Specialised file types

Specialised types require additional Python packages and must be explicitly enabled with --enable-specialized:

File type Python package What is checked
Fonts (.ttf, .otf, .woff) fonttools Font name table entries, unique IDs, embedded metadata
DICOM (.dcm) pydicom Patient/device/institution metadata, UID fingerprinting
Audio (.mp3, .flac, .ogg) mutagen ID3 tags, APIC embedded images, unique identifiers
Video (.mp4, .mkv, .mov) ffprobe Container metadata, encoder fingerprints
OneNote (.one) pyOneNote Embedded objects, metadata

Install specialised deps:

pip install "canary-scan[specialized]"

Adding new file types

canary-scan uses a stage registry pattern.
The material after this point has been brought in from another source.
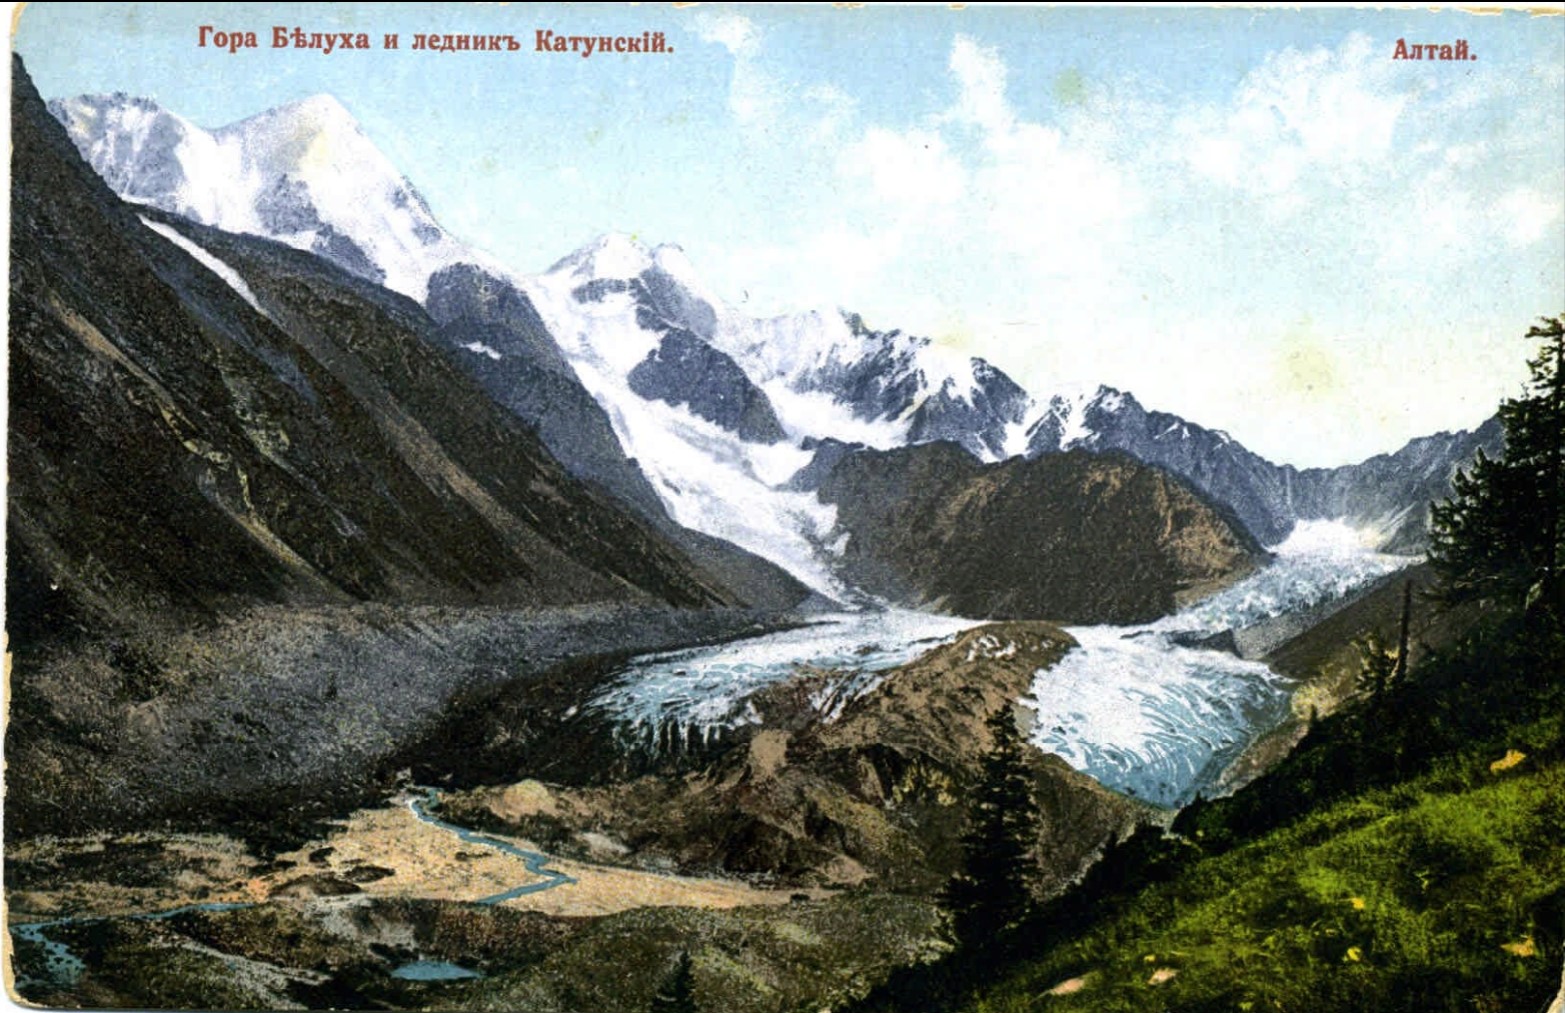 Гора Белуха и ледник Катунский
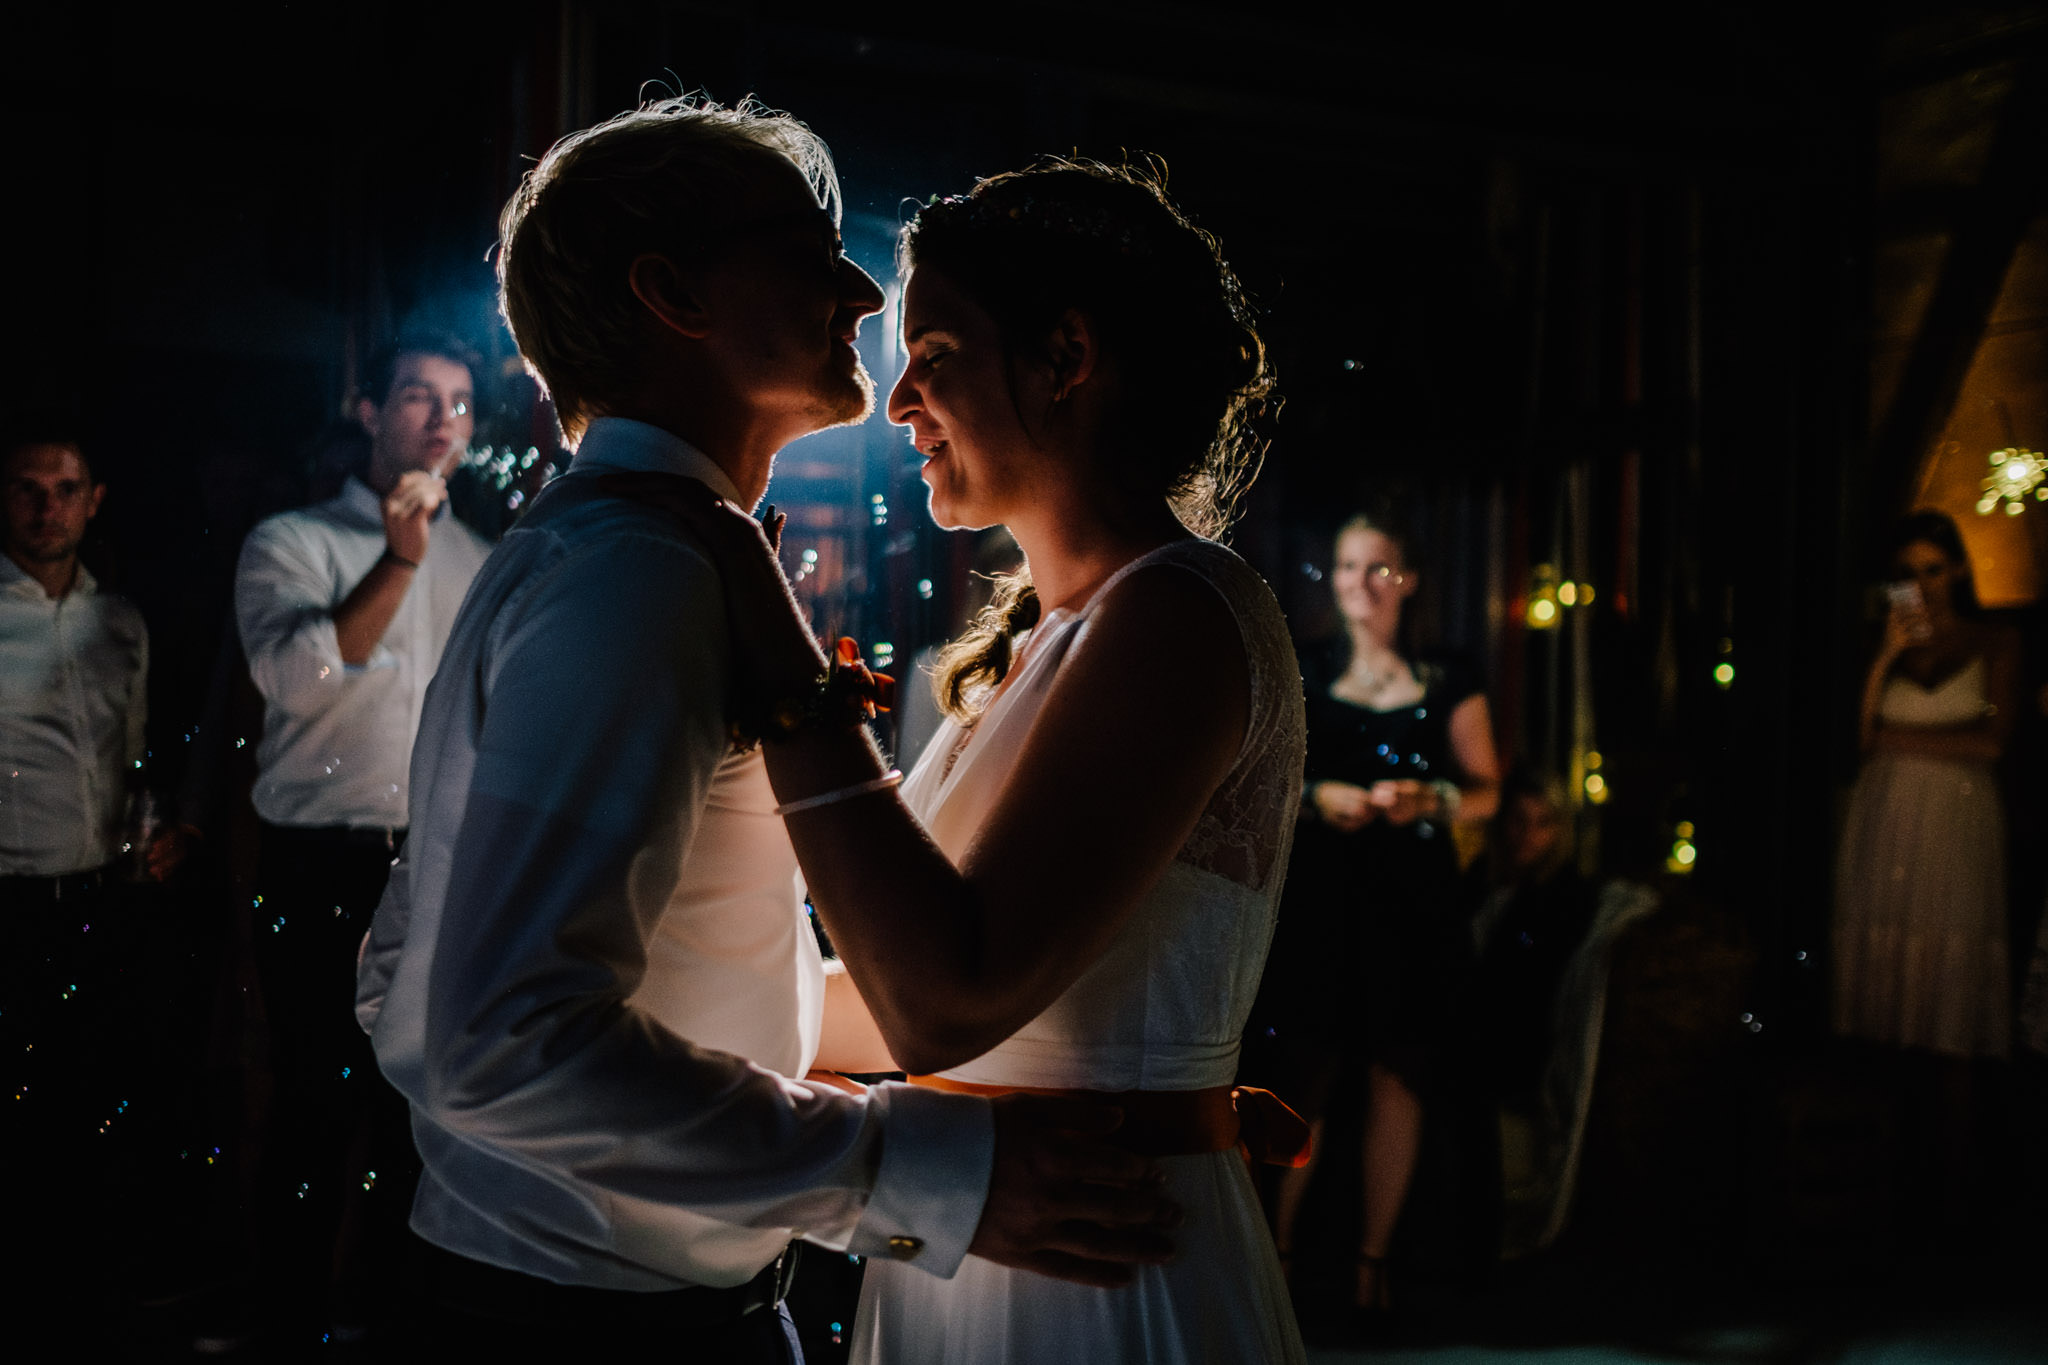 Hochzeitsfoto: Erster Tanz im Gegenlicht - Hochzeitsfotograf aus Köln im Saarland unterwegs

New file type handlers can be registered without modifying core code. See the StageRegistry in canary_scan/lib/orchestrator.py and the existing scanner modules under canary_scan/scanners/ for reference implementations.


Bundled third-party tools

canary-scan includes working reimplementations of Didier Stevens' tools for air-gap-friendly operation:

Tool Purpose License
pdfid Scan PDF files for active elements and risky keywords BSD 2-Clause
pdf-parser Extract objects and analyse PDF structure BSD 2-Clause
rtfdump Analyse and dump elements of RTF files BSD 2-Clause

If the original tools are present on PATH, they are preferred automatically. Otherwise the bundled versions run transparently. Provenance and version pins are recorded in src/canary_scan/bundled/VERSIONS.txt.